How Did This Egg Get ‘Bigger Than Before’?

How Did This Egg Get ‘Bigger Than Before’?

How did this egg get so big, bigger than before, even?

This five-minute craft is perhaps among the best things on Facebook today. But, like many things on Facebook, it isn’t quite right. So, it’s time we learn some primary school science.

Chicken eggs, the container and food inside of which chicks develop, are cased in a calcium carbonate shell, where calcium carbonate is a common mineral found in rocks and throughout the natural world.
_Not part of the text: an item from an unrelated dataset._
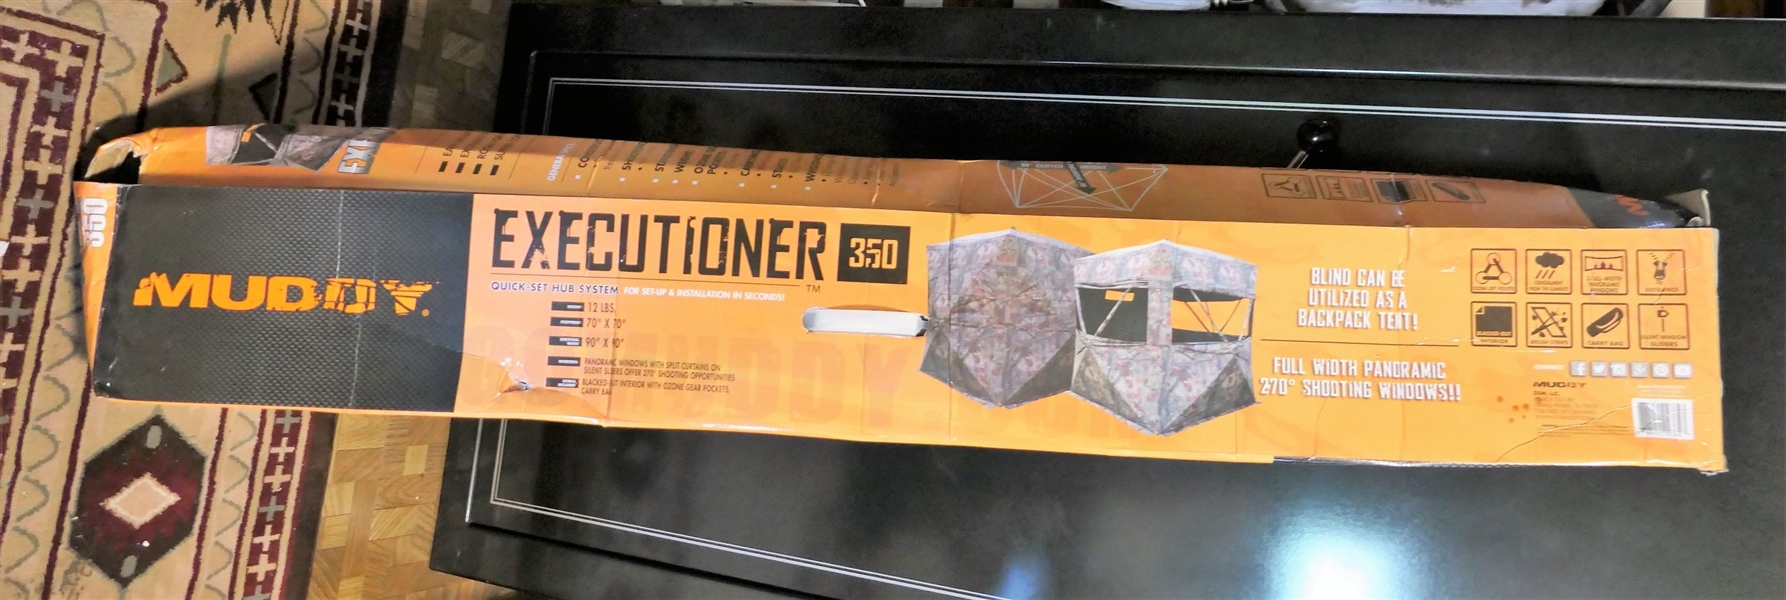 Muddy "Executioner 350" Hunting Blind in Original Box - 80" Center Height 90" Shooting Width

Vinegar, on the other hand, contains acetic acid.

When the two mix, the carbonate takes up the hydrogen ions from the acetic acid and becomes carbonic acid, which breaks down into carbon dioxide and water.
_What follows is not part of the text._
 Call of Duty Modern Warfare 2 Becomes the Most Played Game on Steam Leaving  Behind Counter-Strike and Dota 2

If you actually perform this experiment, you’ll notice two things: First, it produces bubbles from the carbon dioxide, and second, it might take longer than one day for all of the egg’s shell to undergo the reaction. I think when we did this experiment in primary school we waited two or three days.
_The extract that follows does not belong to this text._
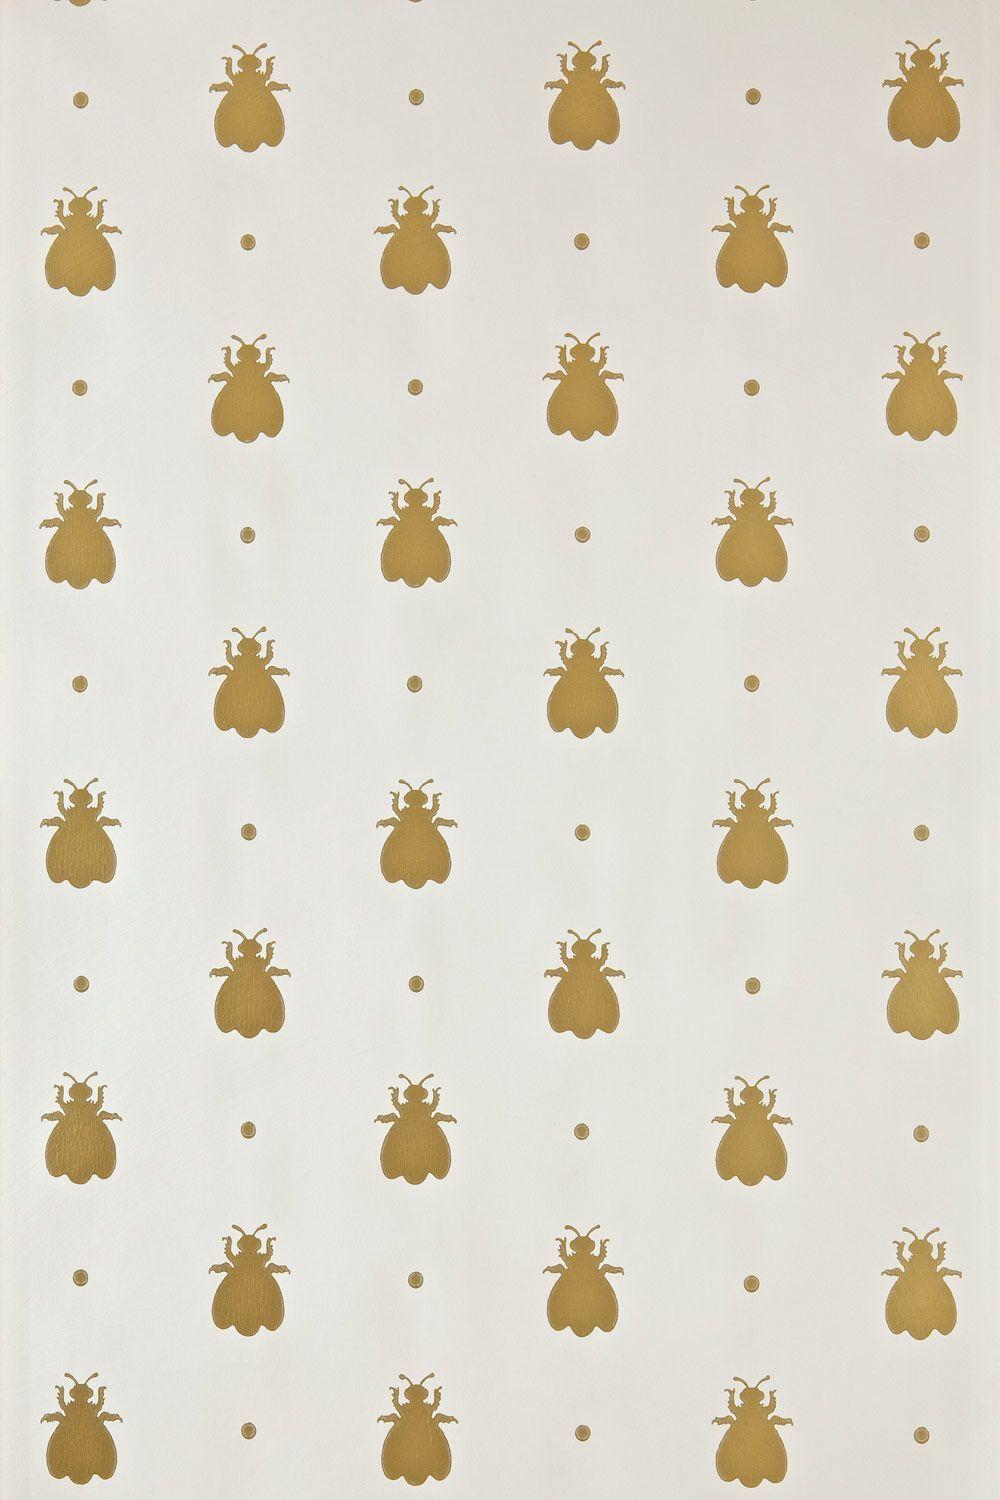 How cute is this wallpaper? Would kove to use this somewhere down

What’s left from this reaction is just a membrane layer with no shell. You’ll notice that the egg hasn’t changed. Puncture the membrane and you’ll be left with a puddle of raw egg. But the egg will indeed be “bigger than before”, as water from the vinegar passes through the membrane into the egg, which has a lower water concentration. It’s called osmosis.

The video then instructs you to put the egg into maple syrup and then, after a day, it will be “bigger than before”.

I assume whatever syrup they used was also high in water, which is why it got even bigger than before. Typically when you (or any other YouTube scientists) run this experiment, the syrup has less water, so water then leaves the shell-less egg via osmosis and you’re left with a shrivelled-up mass.

The real marvel is the original ending of the video, which science cannot explain.